Table 1 presents an overview of the four methods used in the study.

Table 1.

Overview of four allergy test methods.

	Microtest	ISAC	ImmunoCAP 250	SPT
Method	Multiplex	Multiplex	Singleplex	Singleplex
	in‐vitro	in‐vitro	in‐vitro	in‐vivo
	Automated	Manual	Automated	Manual
Where	In clinic or laboratory	Laboratory	Laboratory	Clinic
Time to result	∼4 h	∼4 h	∼2 h	∼25 min
Reported results/assay	26	112	1	1
Components measured/assay	16	112	1	Not available
Extracts measured/assay	19	0	1	1
Sample volume	100 µl/26 allergens	30 µl/112 allergens	50 µl/allergen	0

SPT = skin prick test; ISAC = Immuno‐Solid phase Allergen Chip.

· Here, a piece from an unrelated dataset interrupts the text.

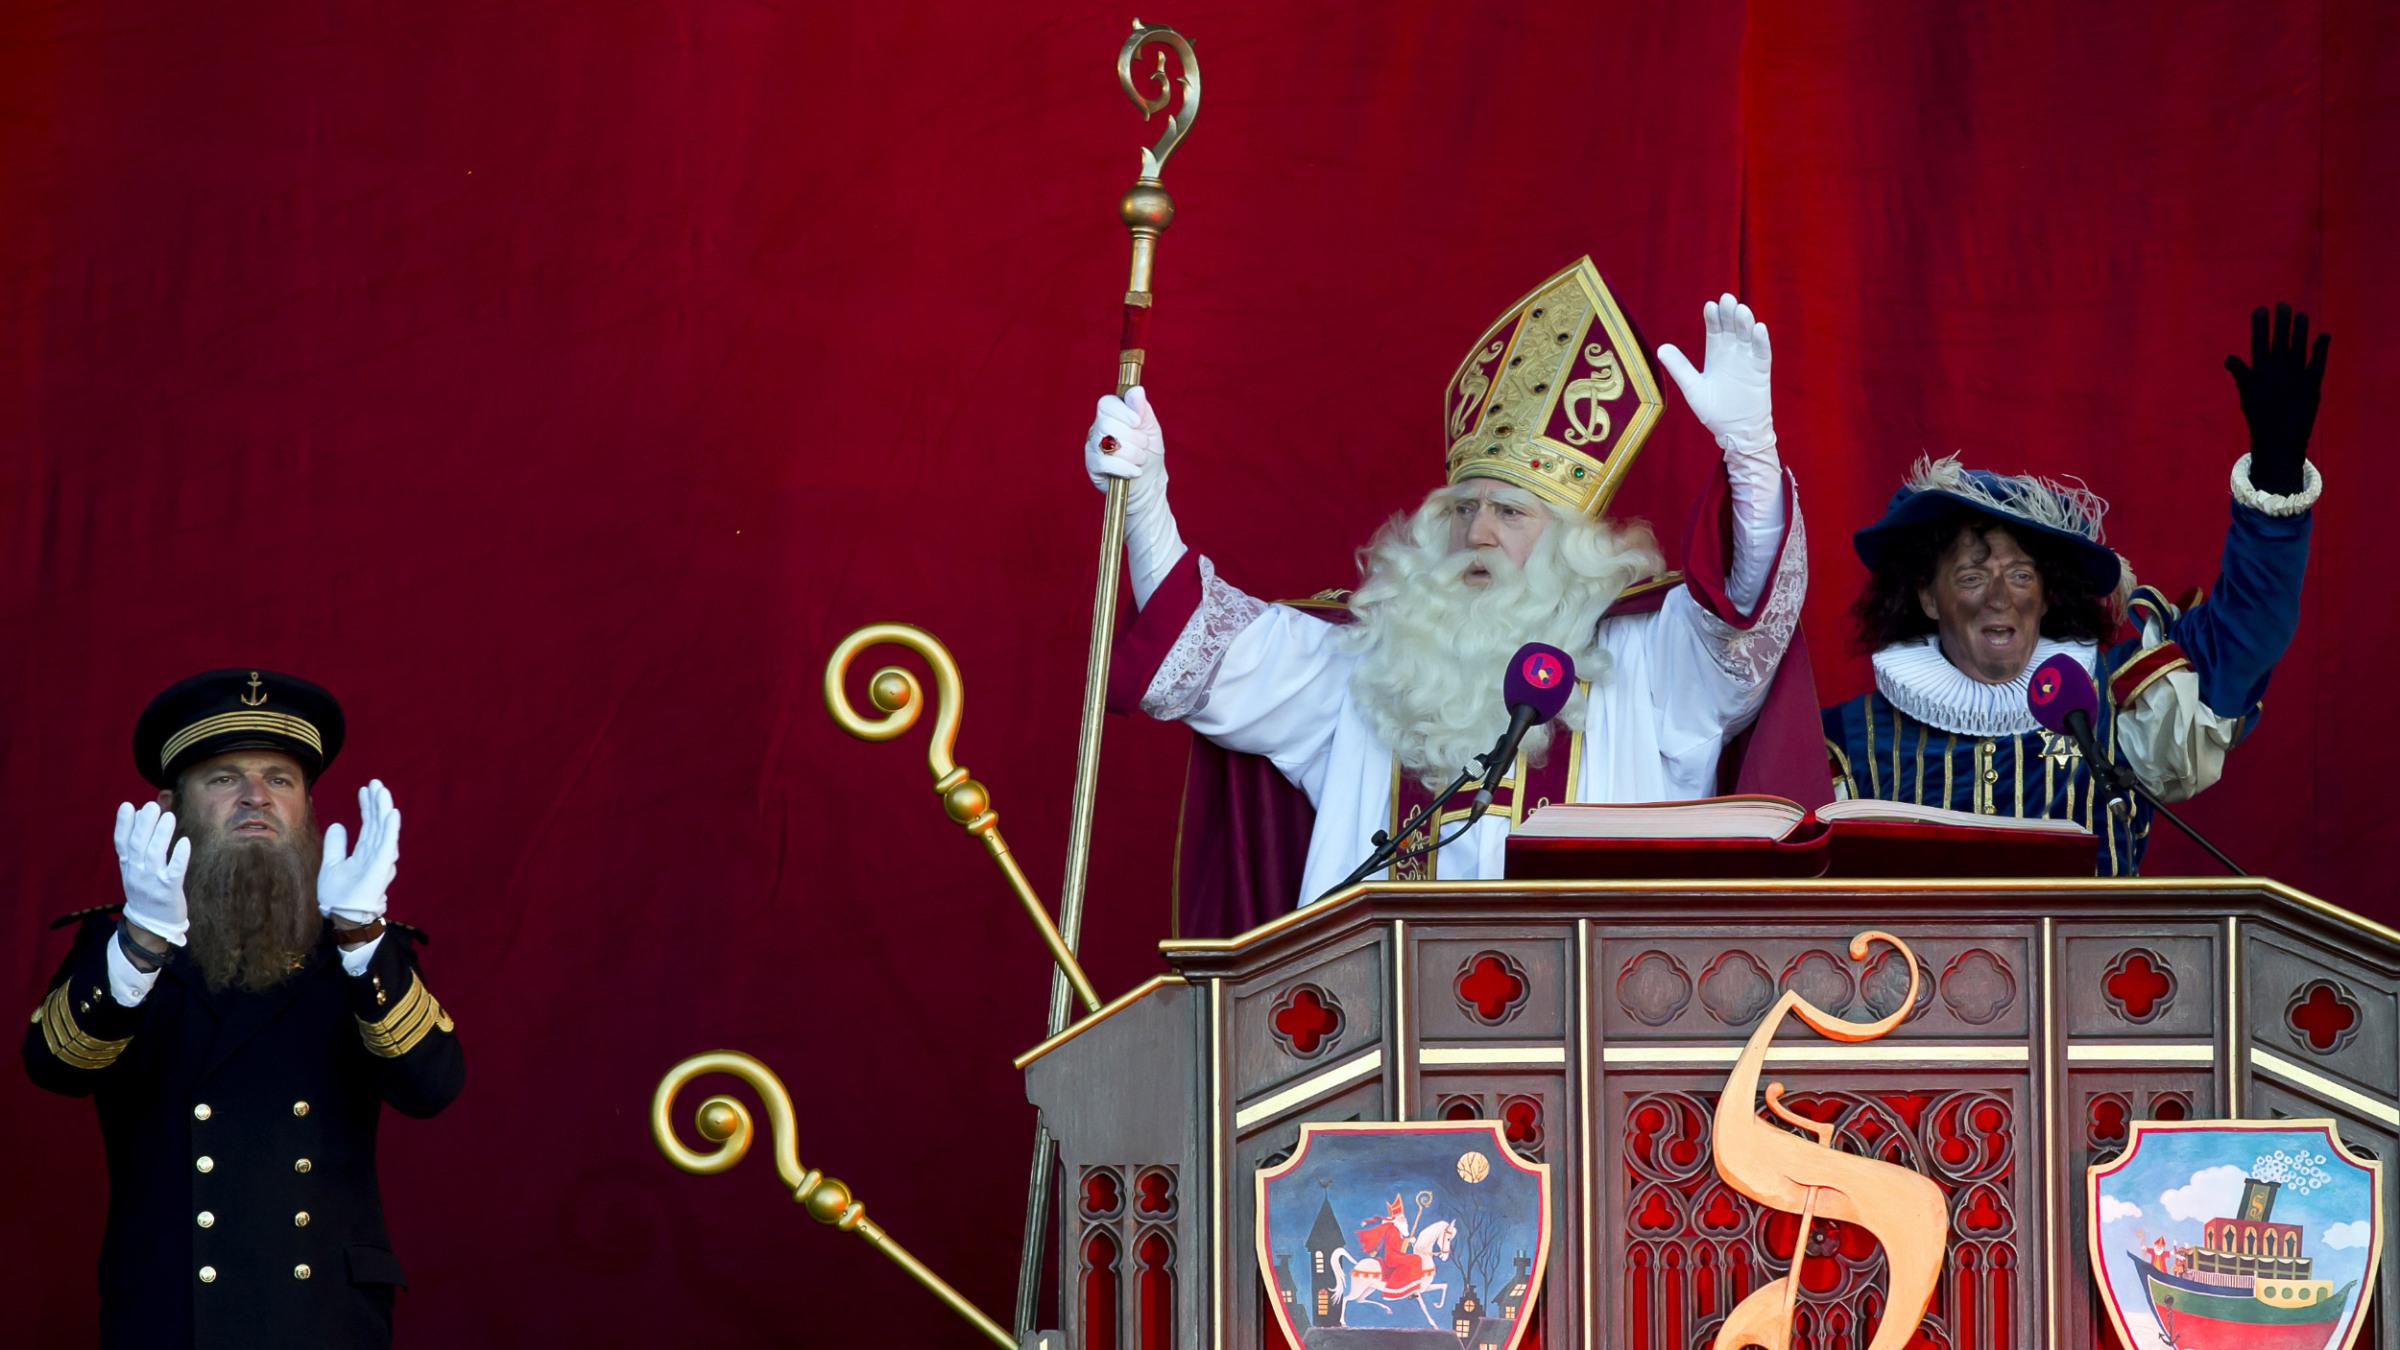 Przybycie Sinterklaasa do Antwerpii w 2018 r.
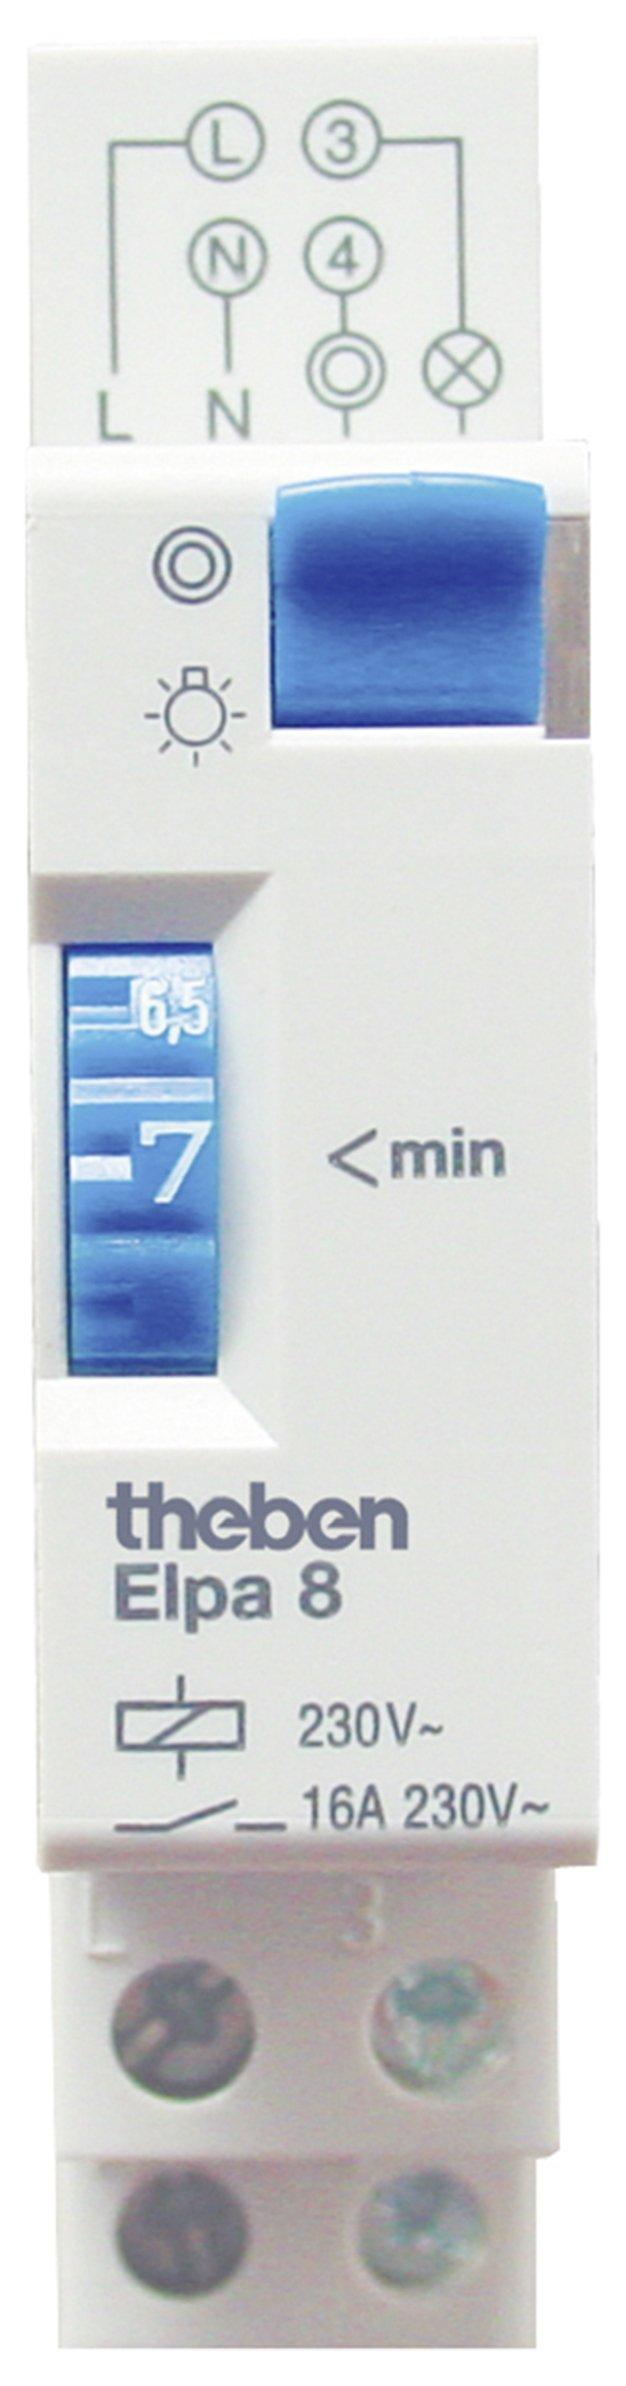 Theben ELPA 8 - Temporizador para luz de la escalera product image

Use of qualitative and quantitative data to express results

Test results were collected from the four test methods and the agreement between the methods was analysed quantitatively (in mm, kU_A/l and ISU), semi‐quantitatively in class ranges (negative, low, moderate, high) and classified qualitatively as positive or negative, as shown in Table 2.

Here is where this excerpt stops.